Python, lazy list

Question

Is it possible to have a list be evaluated lazily in Python?

For example

a = 1
list = [a]
print list
#[1]
a = 2
print list
#[1]

If the list was set to evaluate lazily then the final line would be [2]

Answer 1

Python is not really very lazy in general.

You can use generators to emulate lazy data structures (like infinite lists, et cetera), but as far as things like using normal list syntax, et cetera, you're not going to have laziness.

Answer 2

The concept of "lazy" evaluation normally comes with functional languages -- but in those you could not reassign two different values to the same identifier, so, not even there could your example be reproduced.

The point is not about laziness at all -- it is that using an identifier is guaranteed to be identical to getting a reference to the same value that identifier is referencing, and re-assigning an identifier, a bare name, to a different value, is guaranteed to make the identifier refer to a different value from them on.
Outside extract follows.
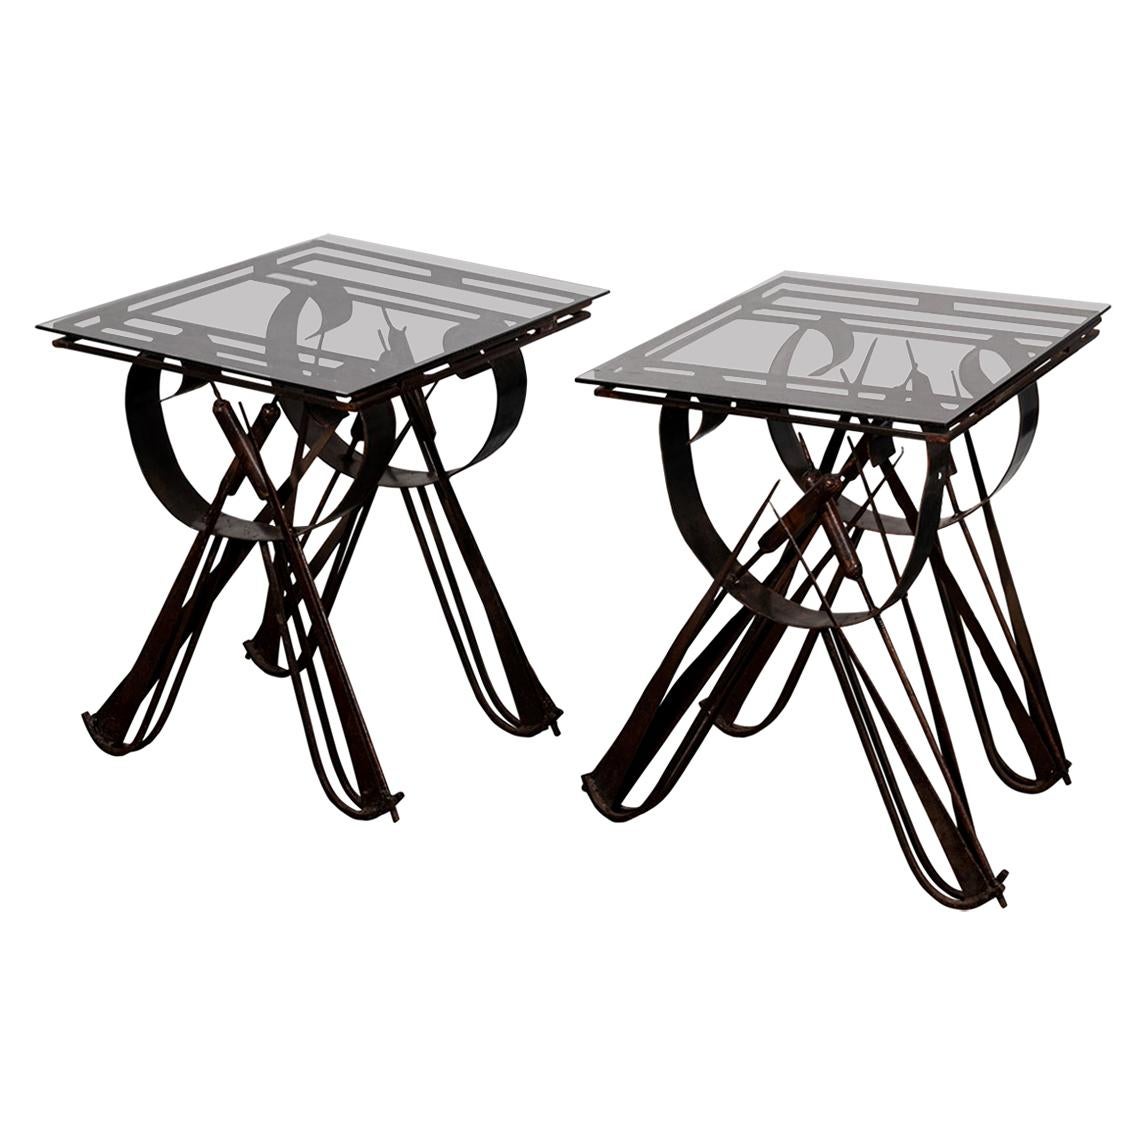 Pair of Cat Tail Iron Side Tables with Black Glass Tops
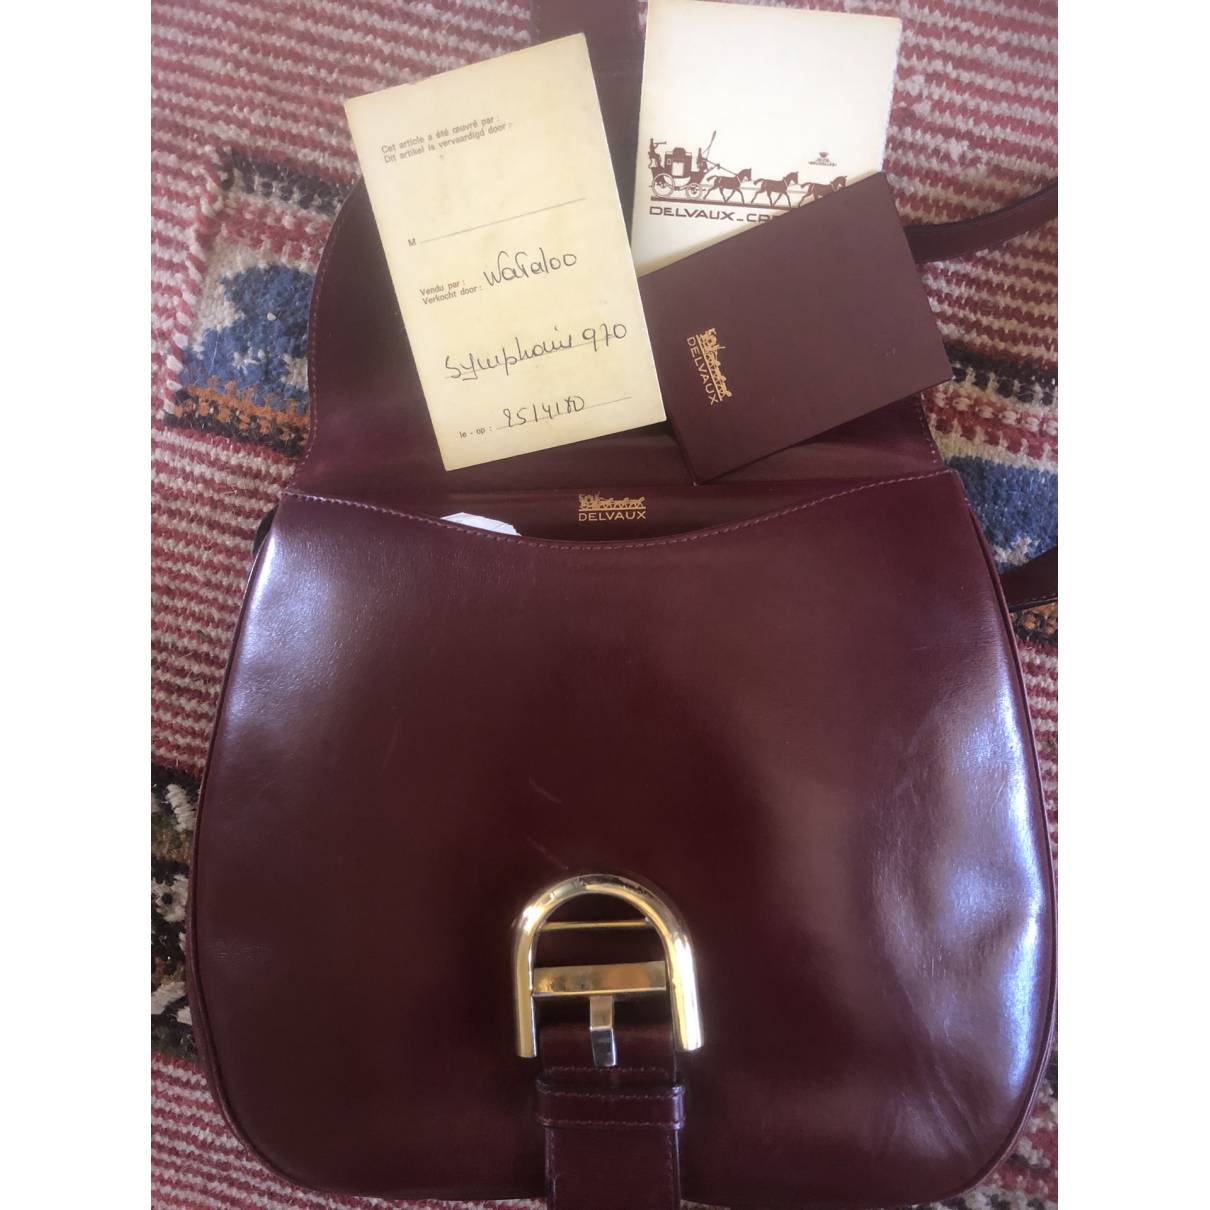 Delvaux - Authenticated Brillant Handbag - Leather Burgundy Plain for Women, Very Good Condition

The reference to the first value (object) is not lost.

Consider a similar example where re-assignment to a bare name is not in play, but rather any other kind of mutation (for a mutable object, of course -- numbers and strings are immutable), including an assignment to something else than a bare name:

>>> a = [1]
>>> list = [a]
>>> print list
[[1]]
>>> a[:] = [2]
>>> print list
[[2]]

Since there is no a - ... that reassigns the bare name a, but rather an a[:] = ... that reassigns a's contents, it's trivially easy to make Python as "lazy" as you wish (and indeed it would take some effort to make it "eager"!-)... if laziness vs eagerness had anything to do with either of these cases (which it doesn't;-).

Just be aware of the perfectly simple semantics of "assigning to a bare name" (vs assigning to anything else, which can be variously tweaked and controlled by using your own types appropriately), and the optical illusion of "lazy vs eager" might hopefully vanish;-)